◆ **Work to complete**
Find the word "Royal" in the data, then copy each line where it is found.

◆ **Listed entries**
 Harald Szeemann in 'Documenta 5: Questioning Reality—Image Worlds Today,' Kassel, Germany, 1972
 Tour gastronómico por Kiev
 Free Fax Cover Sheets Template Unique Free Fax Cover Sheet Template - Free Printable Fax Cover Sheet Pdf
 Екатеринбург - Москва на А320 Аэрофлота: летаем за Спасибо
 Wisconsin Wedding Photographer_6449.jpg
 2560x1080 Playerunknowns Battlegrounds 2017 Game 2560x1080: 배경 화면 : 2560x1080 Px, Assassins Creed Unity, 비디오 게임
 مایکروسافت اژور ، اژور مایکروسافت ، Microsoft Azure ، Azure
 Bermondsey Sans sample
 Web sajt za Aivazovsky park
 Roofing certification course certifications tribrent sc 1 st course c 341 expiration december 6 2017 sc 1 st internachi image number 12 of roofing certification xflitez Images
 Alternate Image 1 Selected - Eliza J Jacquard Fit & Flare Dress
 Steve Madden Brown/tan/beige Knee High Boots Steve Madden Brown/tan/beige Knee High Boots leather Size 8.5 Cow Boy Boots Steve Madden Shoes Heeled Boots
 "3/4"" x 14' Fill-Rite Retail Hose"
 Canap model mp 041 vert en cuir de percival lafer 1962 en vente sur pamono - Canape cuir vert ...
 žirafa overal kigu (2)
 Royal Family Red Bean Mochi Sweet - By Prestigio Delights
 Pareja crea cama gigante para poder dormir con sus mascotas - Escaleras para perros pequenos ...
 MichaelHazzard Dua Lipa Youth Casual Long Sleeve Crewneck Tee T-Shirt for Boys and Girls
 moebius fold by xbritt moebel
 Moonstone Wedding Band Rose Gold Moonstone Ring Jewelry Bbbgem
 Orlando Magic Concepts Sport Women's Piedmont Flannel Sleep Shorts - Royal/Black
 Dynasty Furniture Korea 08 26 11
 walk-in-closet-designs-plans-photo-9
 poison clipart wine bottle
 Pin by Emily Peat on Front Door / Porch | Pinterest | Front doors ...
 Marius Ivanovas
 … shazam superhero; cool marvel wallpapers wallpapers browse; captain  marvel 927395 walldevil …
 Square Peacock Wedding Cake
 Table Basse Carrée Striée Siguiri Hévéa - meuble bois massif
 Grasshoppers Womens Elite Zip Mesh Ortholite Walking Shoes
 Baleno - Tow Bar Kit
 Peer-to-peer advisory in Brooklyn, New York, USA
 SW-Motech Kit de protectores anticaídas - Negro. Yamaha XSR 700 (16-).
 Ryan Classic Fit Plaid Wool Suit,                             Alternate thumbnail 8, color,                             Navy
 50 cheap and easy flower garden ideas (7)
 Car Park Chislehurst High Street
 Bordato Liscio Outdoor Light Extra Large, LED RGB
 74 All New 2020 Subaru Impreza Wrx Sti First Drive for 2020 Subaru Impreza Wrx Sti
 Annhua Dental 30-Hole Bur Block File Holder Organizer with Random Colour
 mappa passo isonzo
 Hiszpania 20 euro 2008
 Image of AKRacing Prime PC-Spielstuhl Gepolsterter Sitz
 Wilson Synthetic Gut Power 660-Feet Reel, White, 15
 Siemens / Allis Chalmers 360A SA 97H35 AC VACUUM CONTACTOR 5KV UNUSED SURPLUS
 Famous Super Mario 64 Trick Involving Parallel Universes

◆ **Result of this task**
 Royal Family Red Bean Mochi Sweet - By Prestigio Delights
 Orlando Magic Concepts Sport Women's Piedmont Flannel Sleep Shorts - Royal/Black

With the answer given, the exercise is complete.